The commonly used English proverb “when in Rome, do as the Romans do” has since been a life motto for me. It’s such a cliché nowadays, but where did it come from? And who said it first? The phrase can be traced back to the 4th century AD.

Having attended a Catholic school for 12 years, the story behind the phrase’s origins is an anecdote that has always stuck with me: Saint Augustine moved to Milan to become a professor of rhetoric. Unlike his previous church in Rome, he discovered that the congregation in Milan didn’t fast on Saturdays. Saint Ambrose, the bishop of Milan at the time, advised Augustine, saying: “When I go to Rome, I fast on Saturday, but here I do not. Do you also follow the custom of whatever church you attend, if you do not want to give or receive scandal?”

In other words, there will be local customs and traditions in any foreign land that you visit so try to adapt to their way of life out of respect for the native people. Embrace the culture and step out of your comfort zone. Break away from the daily routine and do things that you might not typically do. The phrase is about people and their folklore, and it can be related to a variety of situations in everyday life.

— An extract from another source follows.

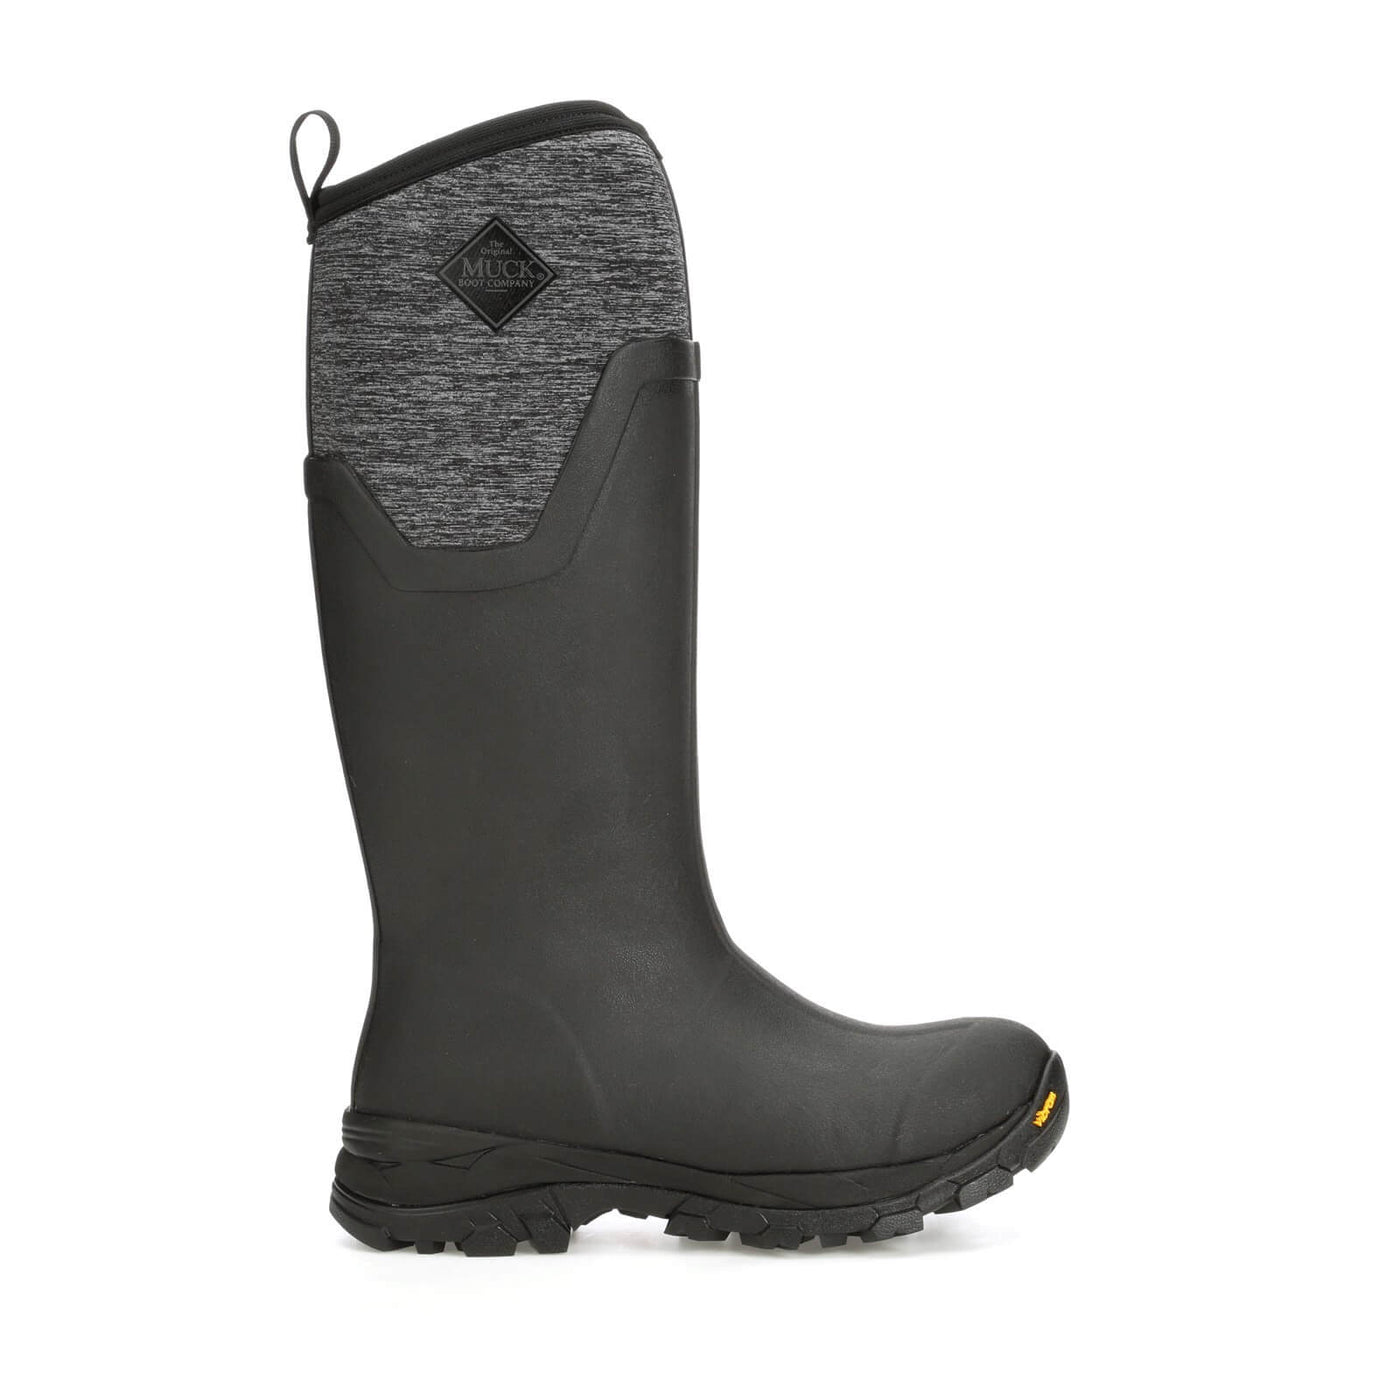 Muck Boots Arctic Ice Tall Wellington Boots Black/Jersey Heather 8#colour_black-jersey-heather

On a recent weekend trip to Denver, this proverb was on my mind more than usual. I engaged in the city’s annual Oktoberfest celebration, danced the night away at a country music honky-tonk, cheered on the Denver Broncos at Mile High Stadium, and attended a fancy, five-course meal at the Denver Food + Wine Festival.

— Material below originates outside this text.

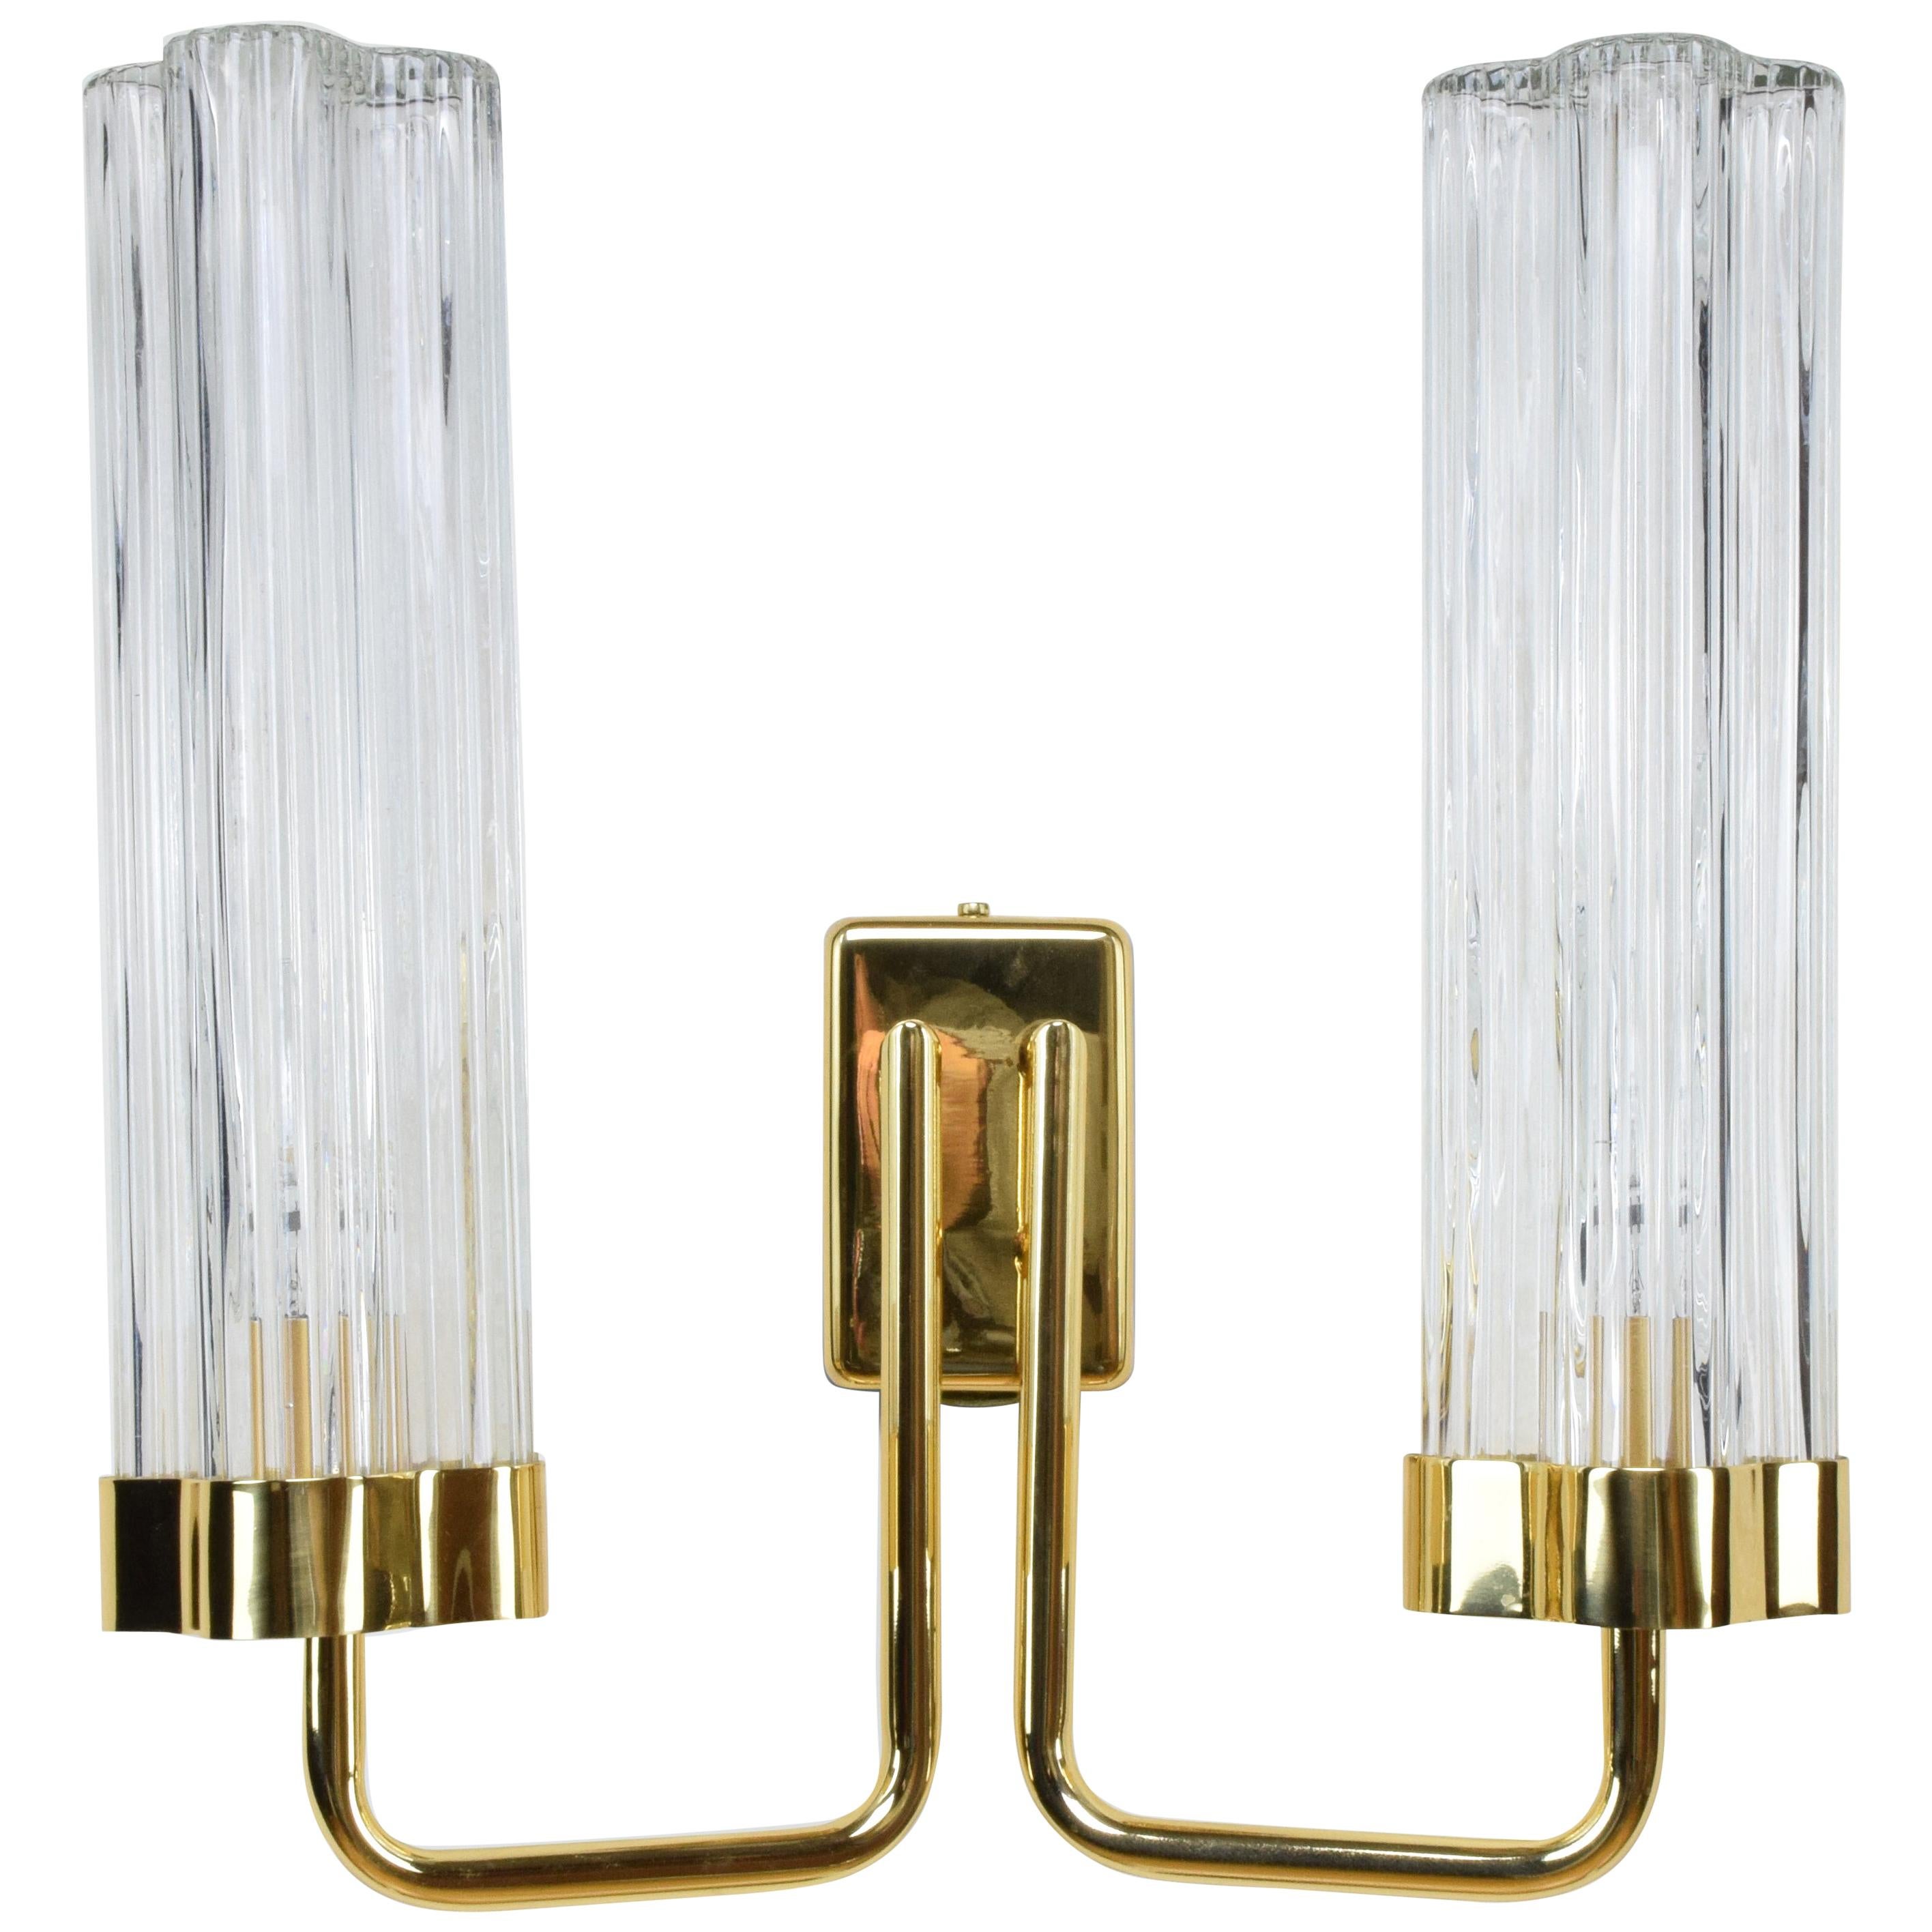 Danghi-W2 Brass and Glass Wall Light, Flow 2 Collection

While wandering around Oktoberfest, we encountered many bizarre German traditions. My friends and I witnessed a stein holding competition, a game of keg bowling, and a crowd of people participating in chicken-dance contests. Women wore the time-honored dirndl dresses and men donned leather lederhosen shorts. We ate bratwurst and sauerkraut paired with a variety of beers while we polka-danced our way through a live band playing traditional German music.

After the festival, we made our way to Grizzly Rose Saloon and Country Hall. Here, you will find the biggest country music fans in the state of Colorado. The enormous dance floor is the heart of the establishment, where patrons gather to learn two-step routines. This bar is about dancing more than anything else. There is different choreography for nearly every country song out there, and the Grizzly Rose regulars seem to know them all. As Julie Andrews would say, “I could have danced all night.”

The next day, on a whim, we decided to attend a Denver Broncos football game. It was a 2 p.m. game, and it wasn’t until a half hour before while sitting at lunch that we spontaneously bought tickets. We were lucky enough to secure seats in the 100 section in the eighth row for only $70 a piece—a deal that was too good to pass up. Once in the stadium, I immediately purchased a blue and orange shirt to help support my state’s team. We made a lot of noise and cheered on the Broncos enthusiastically while making every attempt to get noticed on the jumbotron.

The last soiree that made the weekend special was the food festival’s signature Dinner Under the Stars event. This lavish evening offered us the chance to indulge in a five-course dinner at the beautiful Ellie Caulkins Opera House in the Denver Performing Arts Complex. Each course was one mouth-watering delight after another. I don’t typically eat black cod miso or Peking duck breast, but when in Denver celebrating the restaurant industry, I reasoned I should try everything.

Can you imagine if I would have drank wine at Oktoberfest, declined to dance at Grizzly Rose, or wore a Cowboys shirt to a Broncos game? Or, what if I refused to learn how to ski upon moving to Aspen? My experience in all these situations would have been completely different and very limited if I would have resisted the culture. Following the status quo to learn about a new way of life is a great way to escape your comfort zone and try new things. How boring would life be if we just stuck to what was familiar and we never ventured out to experience life in someone else’s shoes?